As parents, we always worry about what may negatively impact our children and their lives. A single parent raising a child—especially one who has to deal with a separation—tends to worry even more, as they are aware that separations, divorce, and bringing up a kid in two different homes can affect the child’s state of mind throughout their adulthood. We would want parents to be as educated on this matter as possible to avoid putting their children through unnecessary harm.
So, read on to learn how a legal separation affects your child’s future
Small children are affected by their parents separating almost immediately. They will begin to feel a sense of loss once one parent no longer lives under the same roof. With one parent now absent, they will feel that their home no longer feels like it used to, and they will miss life as they knew it.

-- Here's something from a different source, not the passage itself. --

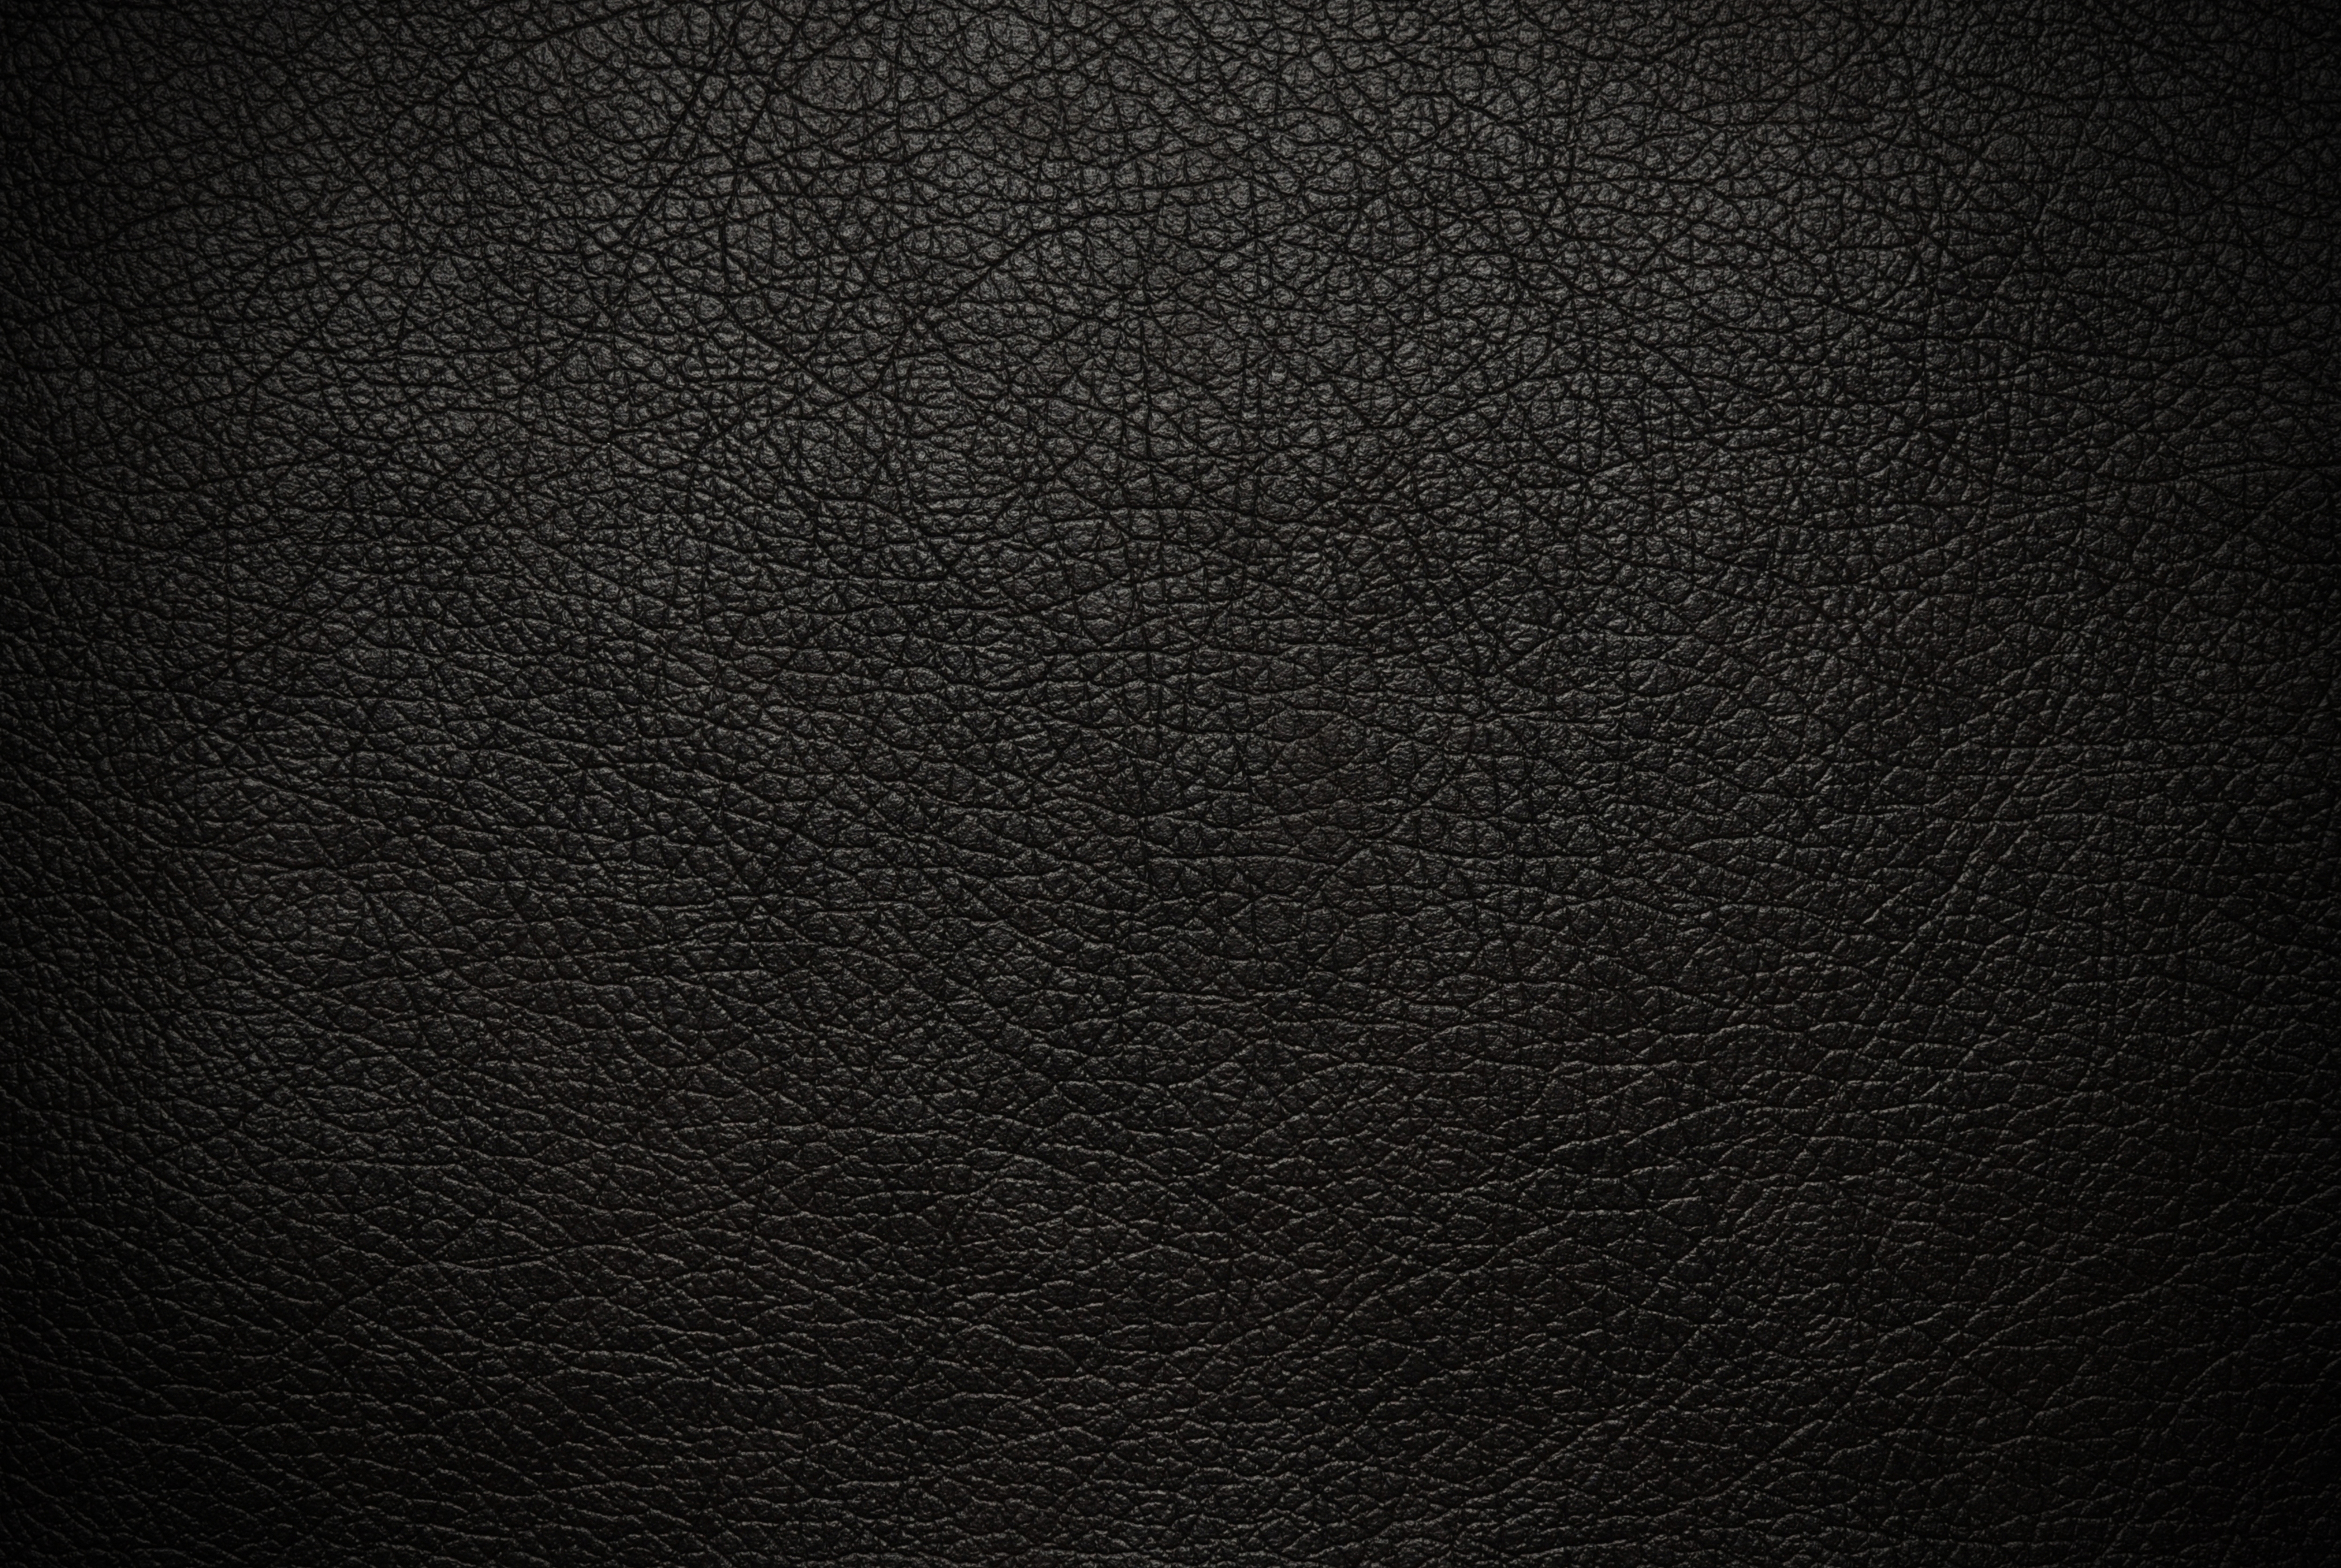 Black Cracked Background Texture Wallpaper

Young children may also start to behave differently and test these new boundaries. They may try to act out during this time of unfamiliarity. Children need to feel safe and secure, and such drastic changes destabilize them and cause them to adopt emotional and behavioral problems. This is especially the case if the parents continue to fight and create tension between one another.
As the child ages into middle school, the effects of a legal separation grow. They will now become fearful of being left alone, especially if the parent that has left the home does not make much time for them anymore. The child may start to believe that if one parent has abandoned them, the other will soon follow. In order to prevent this, family lawyers at btlfamilylaw.com often use mediation as a tool to resolve disputes. This mainly aims at relieving the child’s stress, as an early adolescent is likely to blame themselves for the separation and constantly worry about whether they have caused the rift.
Without proper support, early adolescents may begin to feel rejected and insecure; this can also cause them to act younger than they are and seek attention through disobedience, clinginess, or nightmares. They can also develop signs of becoming a recluse if they are subjected to bullying or harassment at school. At this age, children will also feel torn between parents if both still play an active role in their lives, and even more so if the parents act immaturely and pit the children against the other parent.
By the time a child becomes a teenager, the impacts of the divorce or separation worsen. They tend to show signs of anger toward one or both parents due to the lack of a familiar family dynamic. Their schoolwork may suffer as they withdraw from ordinary social settings. They may also seek attention, which exposes them to unwanted influences. They might grow resentful of the situation they have been thrown into, no matter how long ago the separation began.
Since adolescence can already make a person insecure, teenagers are likely to feel that they have been rejected by their parents. They may, therefore, believe this will be a common occurrence with everyone they encounter. Dealing with the unknown may cause them to act out in damaging ways. Their self-image and self-esteem may falter.
Some self-aware individuals do recover well when they reach adulthood, especially those who, perhaps, seek therapy to repair the damage that occurred during their parents’ separation or those whose parents made the transition as easy as possible. However, many other people still carry scars from this traumatic period of time. Adult children of divorce or separation usually develop abandonment issues and struggle to overcome those in their own romantic relationships. Their perception of a happy, healthy relationship is distorted, ensuring that their trust issues remain intact.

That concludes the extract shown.